Заготовила, но не успела положить на стол шефу.

Берия заглянул и в кабинет. Там лежало опрокинутое кресло, в открытом шкафу висел плащ, хороший добротный серый плащ с квадратными широкими плечами. Берия тут же вспомнил, что он-то сам ходит как бродяга, закутавшись в одеяло, и первый же прохожий его сдаст куда следует.

Плащ был коротковат, но по ширине в самый раз. Значит, директор здесь был приземист и в теле. Жаль, что он не оставил хороших ботинок и костюма. И сорочки с галстуком.

«Не гневи судьбу, Лаврентий», – сказал он себе.

Он кинул взгляд на свои ноги – ноги были, к сожалению, босыми. Но холода он не чувствовал, и то хорошо.

С появлением плаща настроение немного улучшилось – если попался плащ, будут и ботинки. Доберемся до города, найдем людей, найдем одежду…

В плаще, куда более похожий на приличного человека, он снова вышел на улицу. Ну хоть бы сандалии, хоть бы резиновые сапоги!

Ведь не исключено, что именно на земле эта радиация остается дольше всего. Ты идешь, она в тебя сквозь голые пятки лезет! Да и вообще негигиенично и опасно ходить в его возрасте босиком по земле, когда неизвестно, какое стоит время года. Земля не ледяная, но прохладная и голая.

Лаврентий Павлович, мучимый такими мыслями, осторожно и с оглядкой шел по дороге, ведущей от фасада его тюрьмы. Ворота в решетке расступились. Он рассудил, что дорога обязательно упрется в шоссейку, а там уж разберемся по указателям, куда идти дальше, где переночевать и пообедать.

Надо сказать, что пейзаж по обе стороны дороги был странным и каким-то неправильным. Деревьев почти не было, а если и были, то высохшие, неживые, обломанные, а то и просто высокие пни. Такая вот полустепь протянулась далеко вперед, тая в легком бесцветном тумане. То есть местность была как бы открытая и в то же время ограниченная в видимости.

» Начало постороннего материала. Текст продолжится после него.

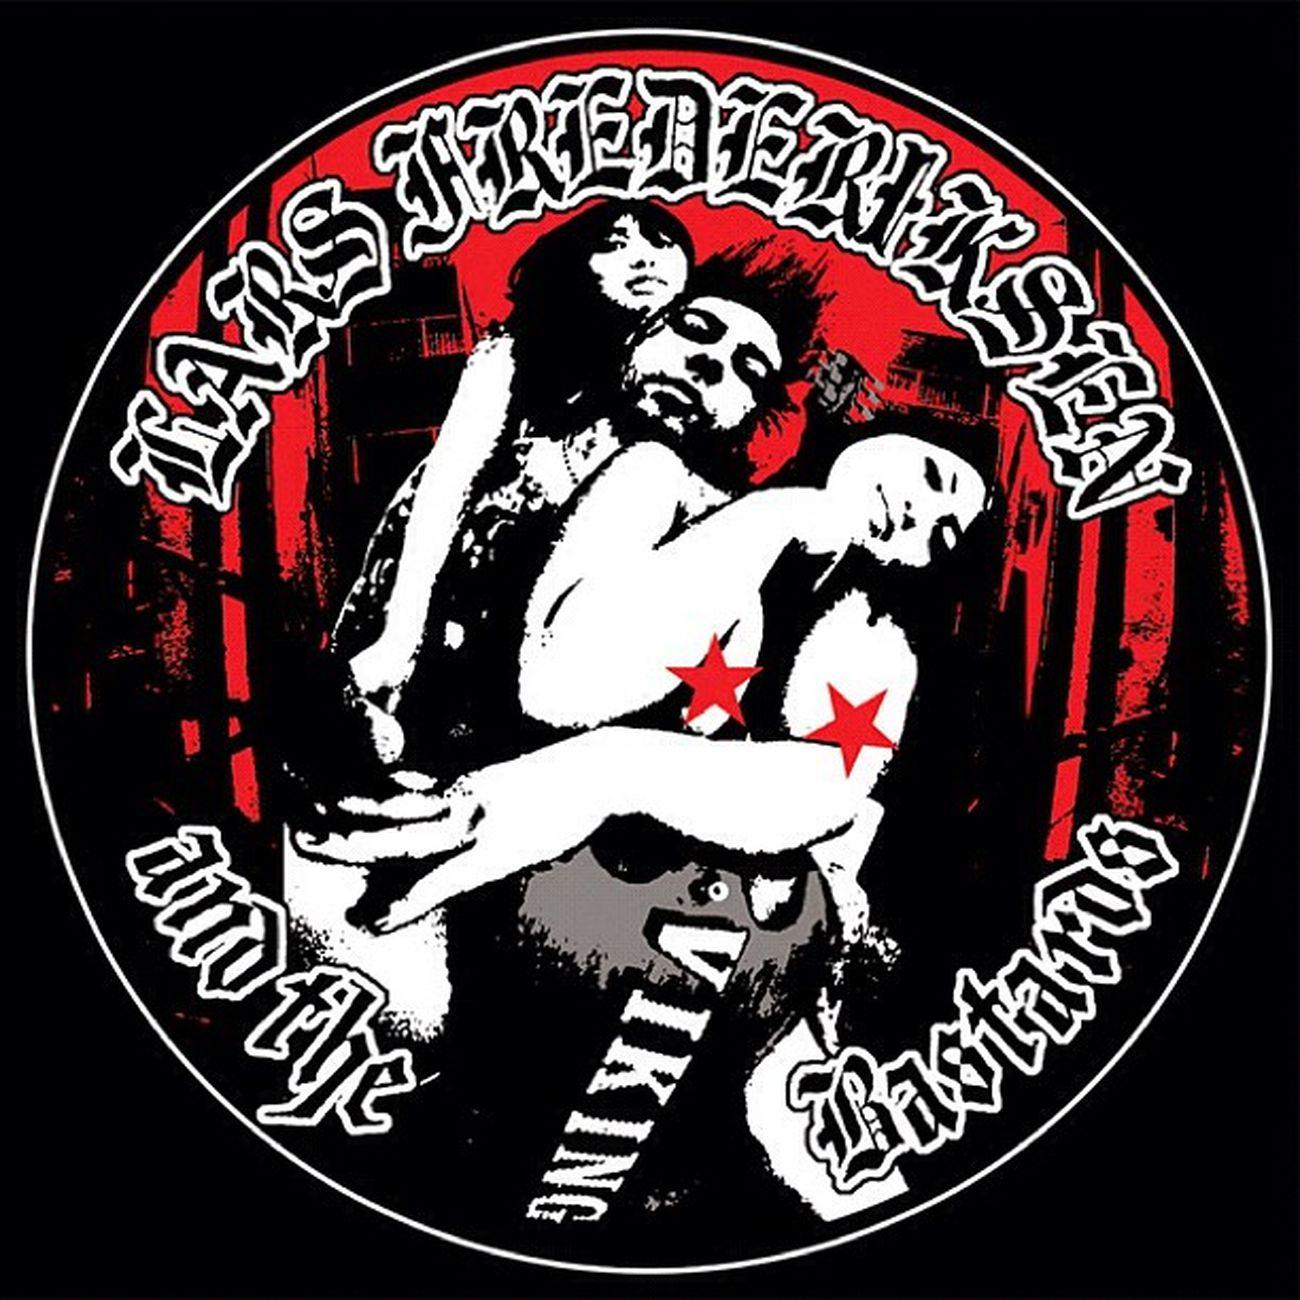 Larsfrederiksen and the Bastards album the Viking

Поэтому терялось ощущение перспективы, и когда Берия услышал, как играет какая-то дудочка или свирель, он не сразу даже сообразил, откуда доносится звук.

Он замер – потом увидел музыканта.

Впереди среди пней и редких стволов шел человек и играл на свирели. Он шел по обочине, не глядя под ноги и не боясь споткнуться о корни или камни, которыми была усеяна местность вне узкой асфальтовой полосы.

– Эй! – крикнул Берия. – Погодите.

Человек не обернулся – может быть, не услышал, так как сам производил звуки, – он продолжал приплясывать, сам себе оркестр и сам себе танцор.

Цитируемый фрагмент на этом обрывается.